Gold nanoparticles (AuNPs) were successfully fabricated by Pholiota adiposa polysaccharide (PAP-1a) without employing any other chemicals. The physical and chemical properties of PAP-AuNPs were determined using transmission electron microscopy (TEM), dynamic light scattering (DLS), energy-dispersive X-ray spectroscopy (EDXR), Fourier-transform infrared spectroscopy (FT-IR), and atomic force microscopy (AFM). In an attempt to analyze the immune regulation, antitumor effect, and biological safety, the production of NO and TNF-α, IL-12p70, and IL-1β from RAW264.7 as well as the proliferation of RAW264.7 were detected in vitro. Flow cytometry was conducted to determine the ratio of the CD4⁺/CD8⁺ cell in peripheral blood and immunohistochemical analysis involving hematoxylin and eosin (H&E) and proliferating cell nuclear antigen (PCNA) staining were conducted in vivo. The results of this study showed that PAP-AuNPs had a significantly improved immune regulation and anti-tumor effect in comparison to PAP-1a alone. PAP-AuNPs showed no toxicity both in vivo and in vitro. This study demonstrates a useful application of PAP-AuNPs as a novel nanomedicine for hepatic carcinoma.

Keywords:

• Pholiota adiposa polysaccharides
• gold nanoparticles
• immunoregulation
• liver cancer

1. Introduction

Recently, there has been a substantial increase in the application of nanomaterials in medicine. Gold nanoparticles (AuNPs) optical, plasma resonance, and bioconjugation properties may facilitate enhanced stability and allow AuNPs to easily integrate with biological molecules (Liu et al., 2019). Therefore, AuNPs are being extensively applied to many fields within the biomedical industry (El-Sayed et al., 2005; Bagheri et al., 2018). Besides, AuNPs have also emerged as a useful tool in the field of diagnosis and cancer treatment (El-Sayed et al., 2005; Bagheri et al., 2018; Khan & Khan, 2018). Nevertheless, when physical or chemical methods were employed for the synthesis of nanoparticles, the resulting nanoparticles were demonstrated to possess low efficiency and toxic side effects. Thus, the development of newer methods to synthesize the nanoparticles with minimal toxic side effects is highly in demand.

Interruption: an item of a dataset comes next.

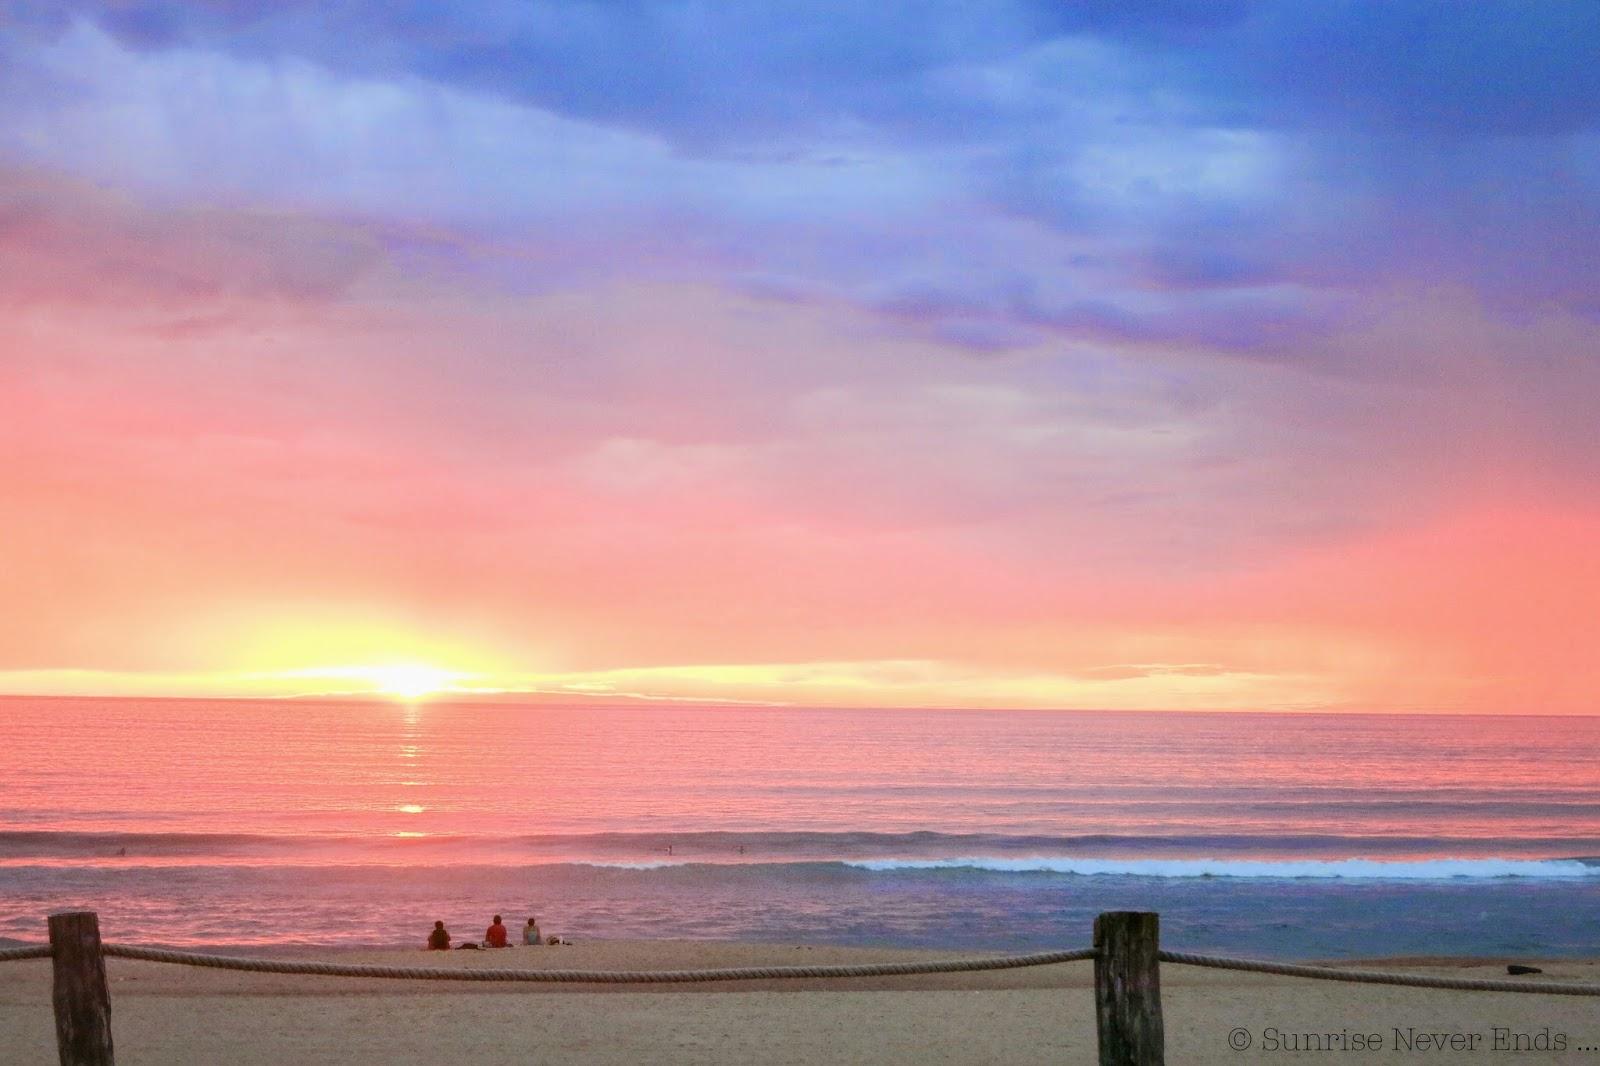 sunset,sunsetforever,hossegor,les culs nuls,citron,kate spade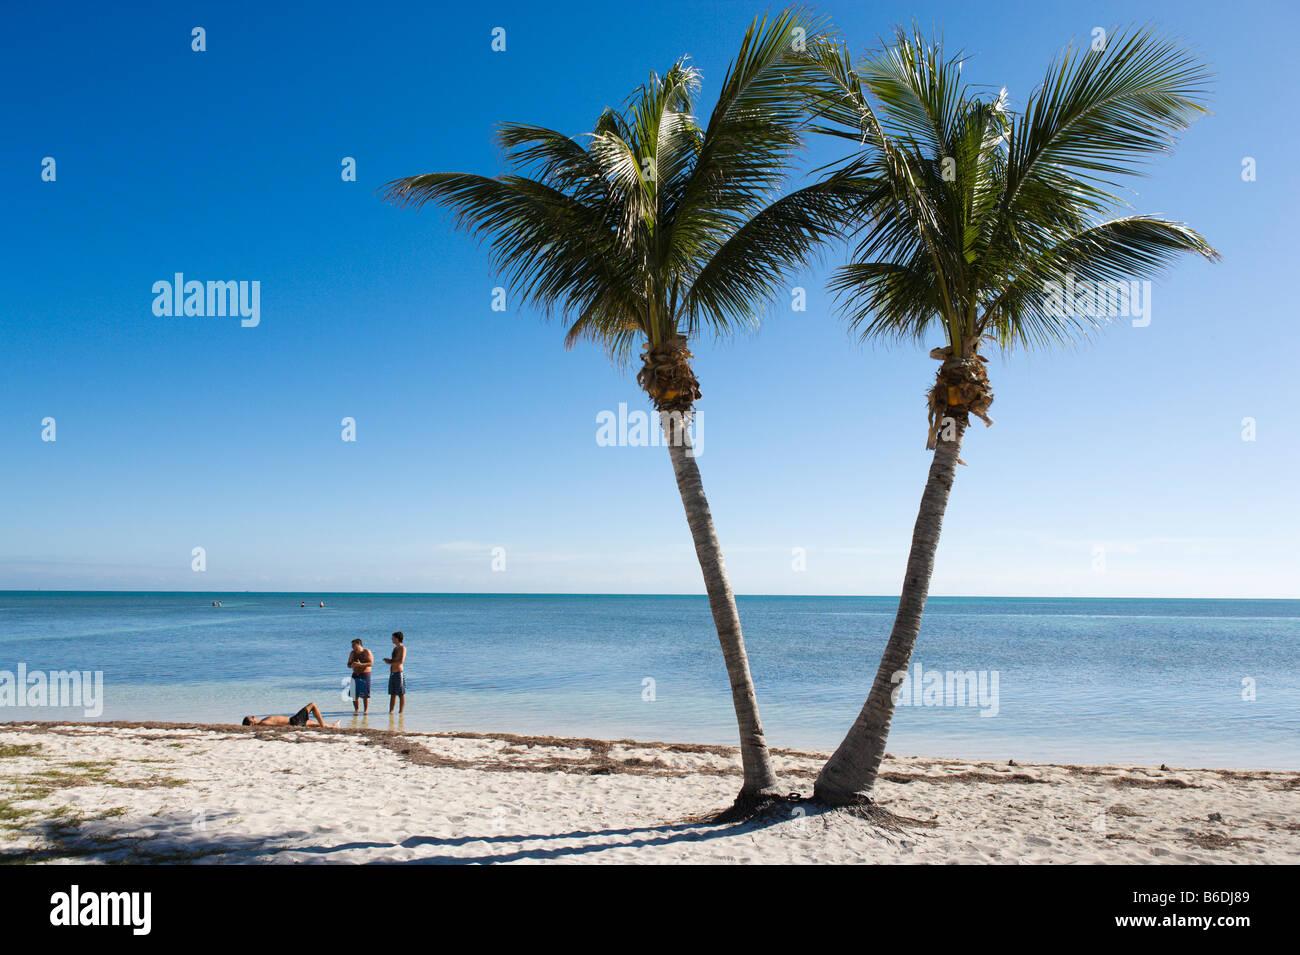 Veterans Beach Stockfotos & Veterans Beach Bilder - Alamy

Traditional Chinese medicines (TCM), well known for their prominent immune regulation effects and minimal side effects, are being applied extensively in the medical field. Researchers frequently purify polysaccharides, phenolic acids, flavonoids, esters, and coumarins from Traditional Chinese Medicines to determine their pharmacological effects, which range from immunological modulation to anti-infection (Yu et al., 2018; Teng et al., 2020). Pholiota adiposa (PA) is a widely used edible and medicinal mushroom in traditional Chinese medicine. PA possesses antimicrobial, anti-obesity, anti-hypertension, and hypolipidemic properties. These activities are attributed to the polysaccharides, ergosterol, and amino acids existing in PA (Ramachandran et al., 2014). A polysaccharide derived from PA functions as the primary physiologically active component. Pholiota adiposa polysaccharide (PAP-1a) was isolated and purified based on earlier research and it was demonstrated that PAP-1a can regulate the immunological response of macrophages in vitro. We synthesized AuNPs using PAP-1a and subsequently investigated their immune modulation and anticancer properties while preventing the formation of any compounds with hazardous side effects during the drug purification process.

According to the Global Cancer Statistics 2021, the prevalence of hepatic carcinoma has been more or less unchanged in men but has been steadily increasing (2% annually) in women, with the primary causes being obesity, HBV, and HCV (Siegel et al., 2021). Nowadays, the most prevalent treatment of Hepatic carcinoma comprises surgical resection; Nevertheless, a majority of patients are diagnosed too late to allow surgical resection (Forner et al., 2018). While Sorafenib has proven to be a useful treatment, the average survival rate is no more than 3 months (Keating, 2017). Transarterial chemoembolization (TACE) was considered as a valid therapy for the patients who had an advanced level, unresectable hepatic carcinoma (Lo et al., 2002). Recent studies have demonstrated the good effects of the use of immunotherapy, such as nivolumab and atezolizumab, etc. for the treatment of Hepatic carcinoma (Yau et al., 2019; Lee et al., 2020; Pinato et al., 2020; Yang et al., 2020). On the contrary, liver cancers are usually prone to recurrence and a high rate of distal metastasis makes the available therapy effective only to a limited extent. Therefore, finding a new therapy for the treatment of Hepatic carcinoma is rather urgent.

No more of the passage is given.